======== DATA SECTION
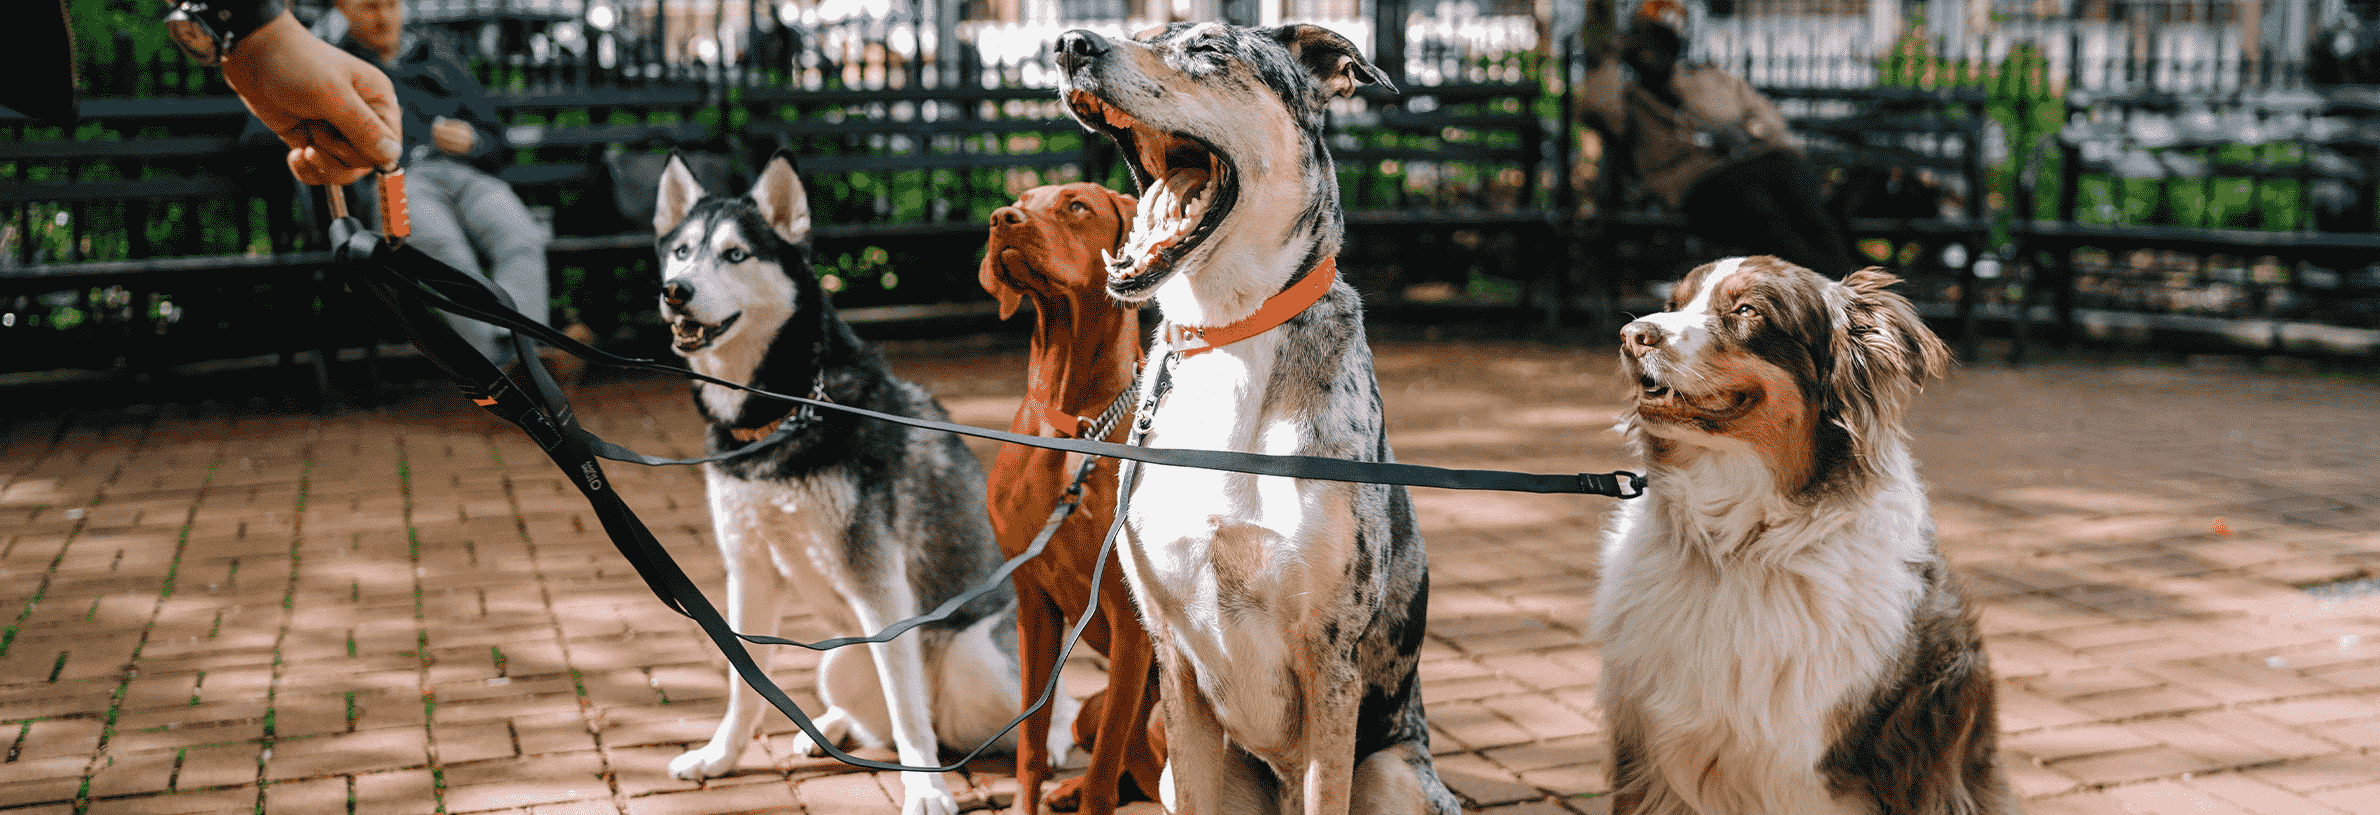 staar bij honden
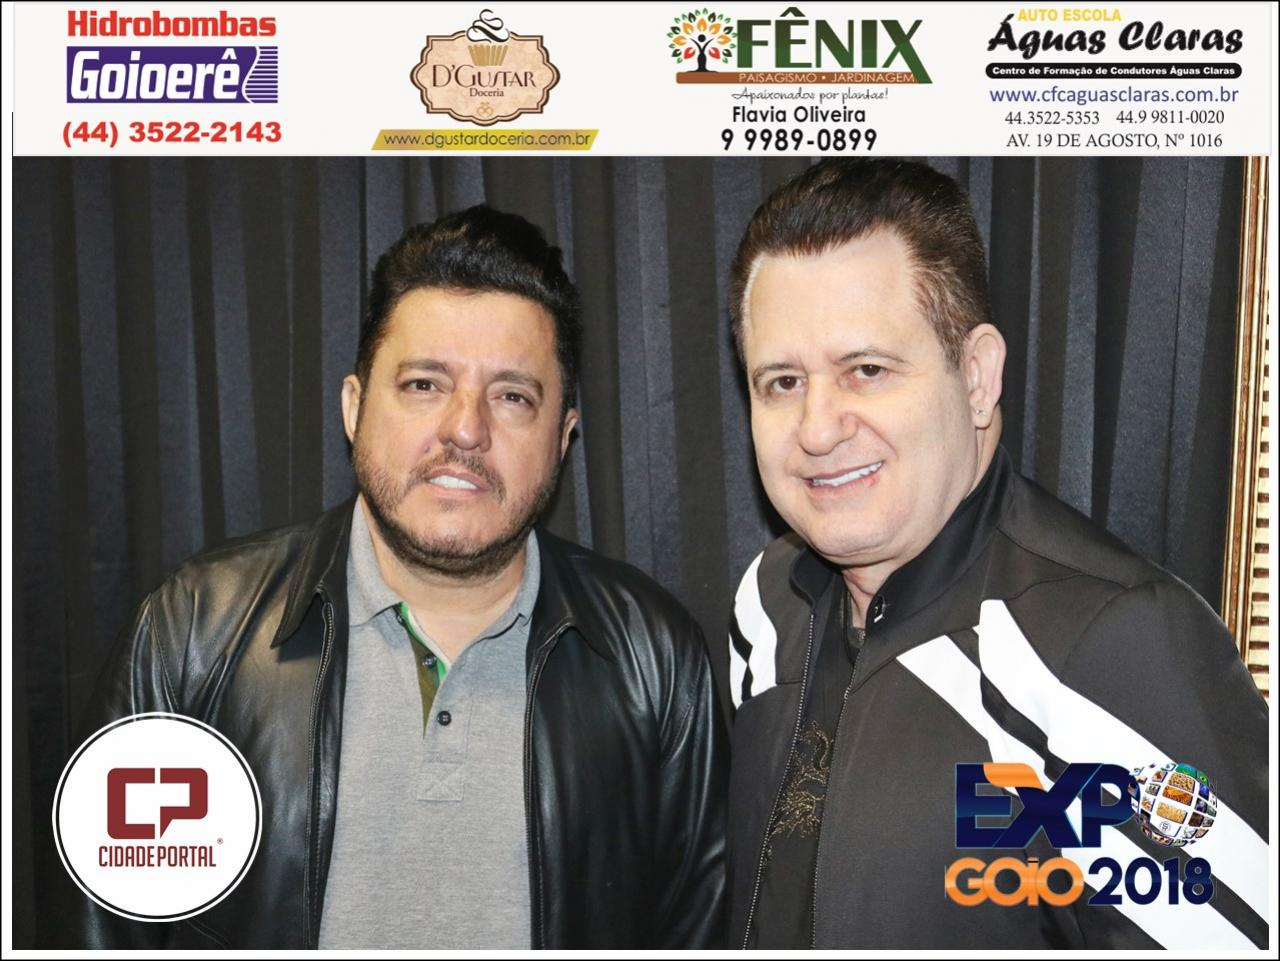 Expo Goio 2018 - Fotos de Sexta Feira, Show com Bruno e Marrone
================
======== DATA SECTION
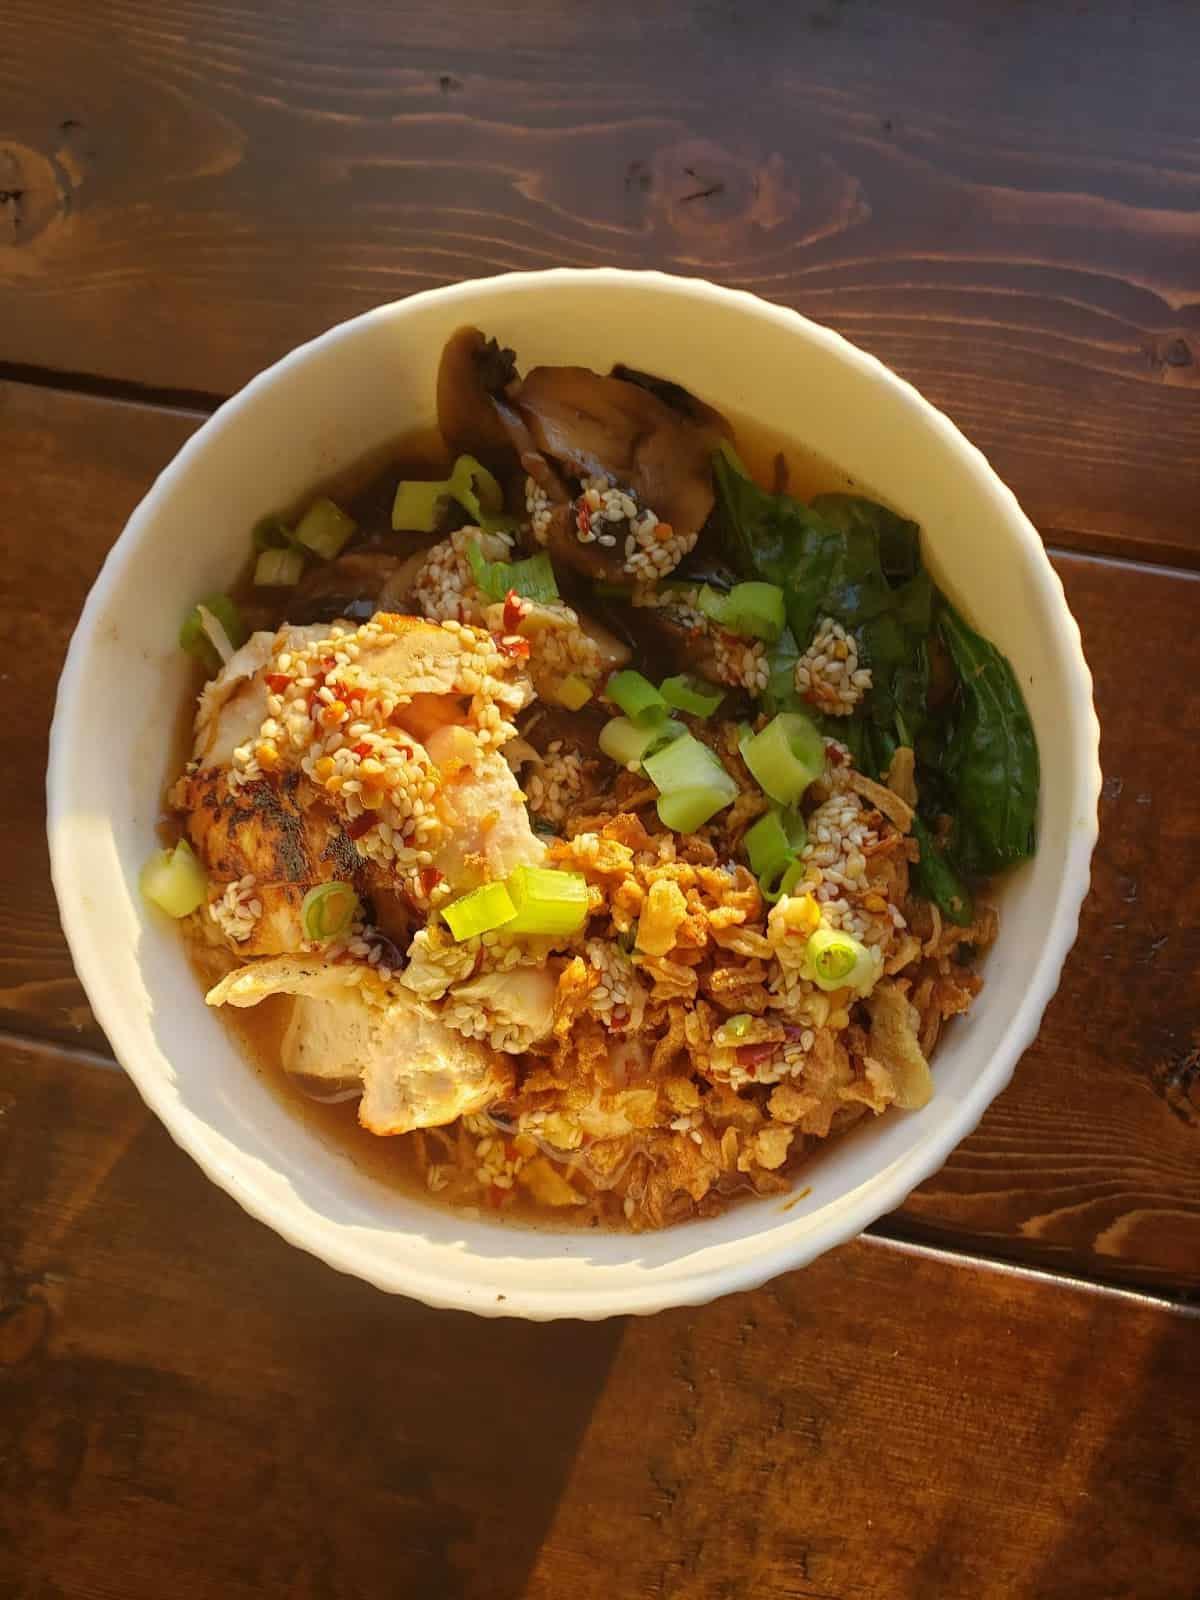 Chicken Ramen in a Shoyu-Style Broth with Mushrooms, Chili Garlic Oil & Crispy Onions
================
*AIM OF THE EXERCISE:* For this exercise, set down the lines in the entries above from the one with "staar bij honden" through the one with "Expo Goio 2018" exactly as written, without any pictures.

*REPLY TO THE EXERCISE:*
 staar bij honden
 Expo Goio 2018 - Fotos de Sexta Feira, Show com Bruno e Marrone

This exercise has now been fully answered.